We have a problem. Both nvidia-ml-py and py3nvml are Free Software, but they both, when used with atopgpud, require the libnvidia-ml library, which is not. I assume you installed this from rpmforge?
It comes from the official nvidia-driver-devel package.
Ok. So that's not something we can ship in Fedora. What I should really do, then, is stop shipping atopgpud:
I don't love it, but I can't force the atop developers to write code that doesn't rely on proprietary software.
You're the one in control and I won't argue. But I do think that atopgpud should be shipped along its .service file somewhere, even if it is not working if you don't have the required nvidia software installed.
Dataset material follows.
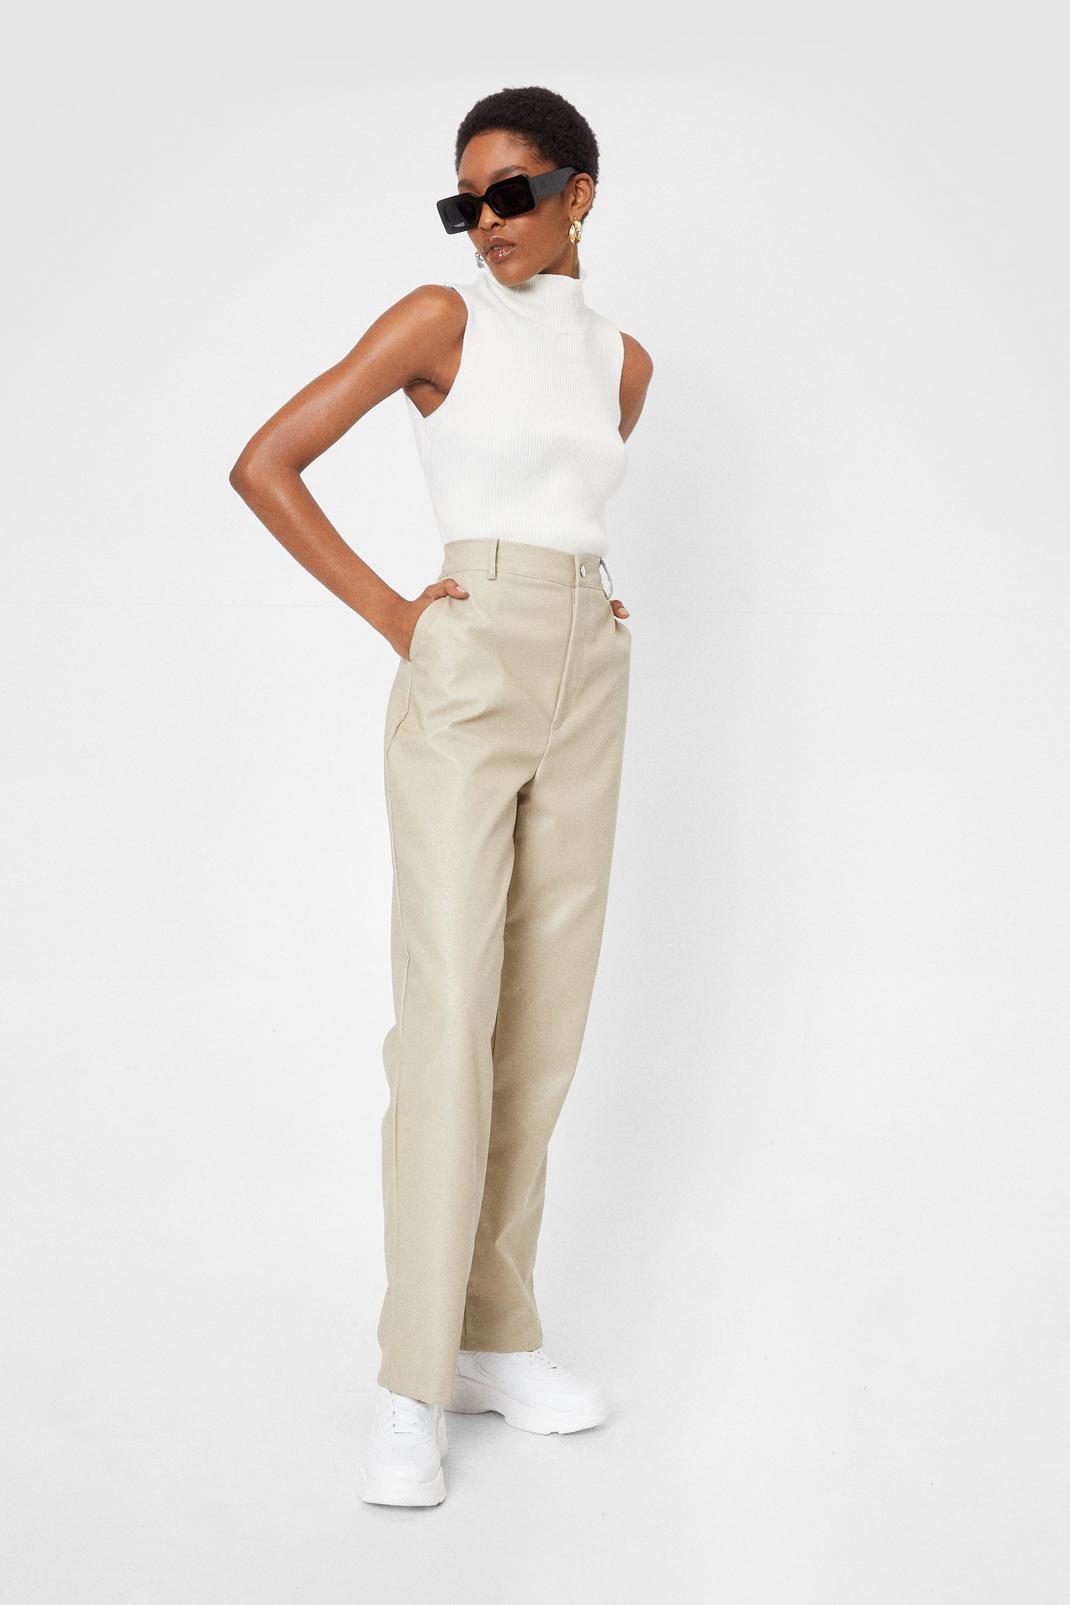 https://media.nastygal.com/i/nastygal/agg02788_taupe_xl/female-taupe-seam-detail-high-waisted-faux-leather-trousers/?w=1070&qlt=default&fmt.jp2.qlt=70&fmt=auto&sm=fit

> You're the one in control and I won't argue. But I do think that atopgpud should be shipped along its .service file somewhere, even if it is not working if you don't have the required nvidia software installed.
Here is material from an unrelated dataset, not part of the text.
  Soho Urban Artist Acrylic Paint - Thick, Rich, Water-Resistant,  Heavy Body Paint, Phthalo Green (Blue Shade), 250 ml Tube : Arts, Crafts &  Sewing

I'll argue ;) From my point of view, since atopgpu handles the missing library in its code with a clean exit, it does harm the system to keep it.
So you think removing it is the best way to go?
Whoops. I meant it does *NOT* harm the system to keep it, sorry.
FEDORA-EPEL-2022-8d256a0ff8 has been submitted as an update to Fedora EPEL 8. https://bodhi.fedoraproject.org/updates/FEDORA-EPEL-2022-8d256a0ff8
FEDORA-EPEL-2022-8d256a0ff8 has been pushed to the Fedora EPEL 8 testing repository.
You can provide feedback for this update here: https://bodhi.fedoraproject.org/updates/FEDORA-EPEL-2022-8d256a0ff8
See also https://fedoraproject.org/wiki/QA:Updates_Testing for more information on how to test updates.
FEDORA-EPEL-2022-8d256a0ff8 has been pushed to the Fedora EPEL 8 stable repository.
If problem still persists, please make note of it in this bug report.